- _Task to complete_:
Filter the listing for lines containing "lamp".

- _Data supplied_:
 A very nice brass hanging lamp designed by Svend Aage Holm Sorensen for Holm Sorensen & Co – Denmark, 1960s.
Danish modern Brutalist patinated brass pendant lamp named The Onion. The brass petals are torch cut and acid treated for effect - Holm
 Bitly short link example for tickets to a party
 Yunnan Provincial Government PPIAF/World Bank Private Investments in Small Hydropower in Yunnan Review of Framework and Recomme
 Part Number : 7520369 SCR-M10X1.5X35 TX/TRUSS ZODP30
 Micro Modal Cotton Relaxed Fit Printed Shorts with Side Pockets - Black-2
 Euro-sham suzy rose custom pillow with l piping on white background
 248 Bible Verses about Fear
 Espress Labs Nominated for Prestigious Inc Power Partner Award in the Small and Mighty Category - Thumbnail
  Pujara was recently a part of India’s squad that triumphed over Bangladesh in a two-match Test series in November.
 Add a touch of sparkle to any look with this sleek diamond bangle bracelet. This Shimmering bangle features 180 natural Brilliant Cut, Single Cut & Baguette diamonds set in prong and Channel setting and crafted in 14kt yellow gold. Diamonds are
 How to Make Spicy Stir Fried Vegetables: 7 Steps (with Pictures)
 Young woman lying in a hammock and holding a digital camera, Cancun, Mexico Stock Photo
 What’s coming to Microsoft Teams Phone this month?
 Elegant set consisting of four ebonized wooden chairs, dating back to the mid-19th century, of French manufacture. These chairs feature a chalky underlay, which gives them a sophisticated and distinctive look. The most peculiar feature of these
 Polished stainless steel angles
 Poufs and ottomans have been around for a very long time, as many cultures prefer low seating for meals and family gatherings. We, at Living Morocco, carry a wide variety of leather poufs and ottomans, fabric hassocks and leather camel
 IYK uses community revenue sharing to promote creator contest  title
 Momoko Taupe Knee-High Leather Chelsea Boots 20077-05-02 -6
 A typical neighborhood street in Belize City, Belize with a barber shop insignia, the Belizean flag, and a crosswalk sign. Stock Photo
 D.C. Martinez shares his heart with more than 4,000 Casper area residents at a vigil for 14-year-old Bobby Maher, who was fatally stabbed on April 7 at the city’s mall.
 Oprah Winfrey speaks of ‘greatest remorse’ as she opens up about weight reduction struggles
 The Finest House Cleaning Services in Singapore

- _Written answer_:
 A very nice brass hanging lamp designed by Svend Aage Holm Sorensen for Holm Sorensen & Co – Denmark, 1960s.
Danish modern Brutalist patinated brass pendant lamp named The Onion. The brass petals are torch cut and acid treated for effect - Holm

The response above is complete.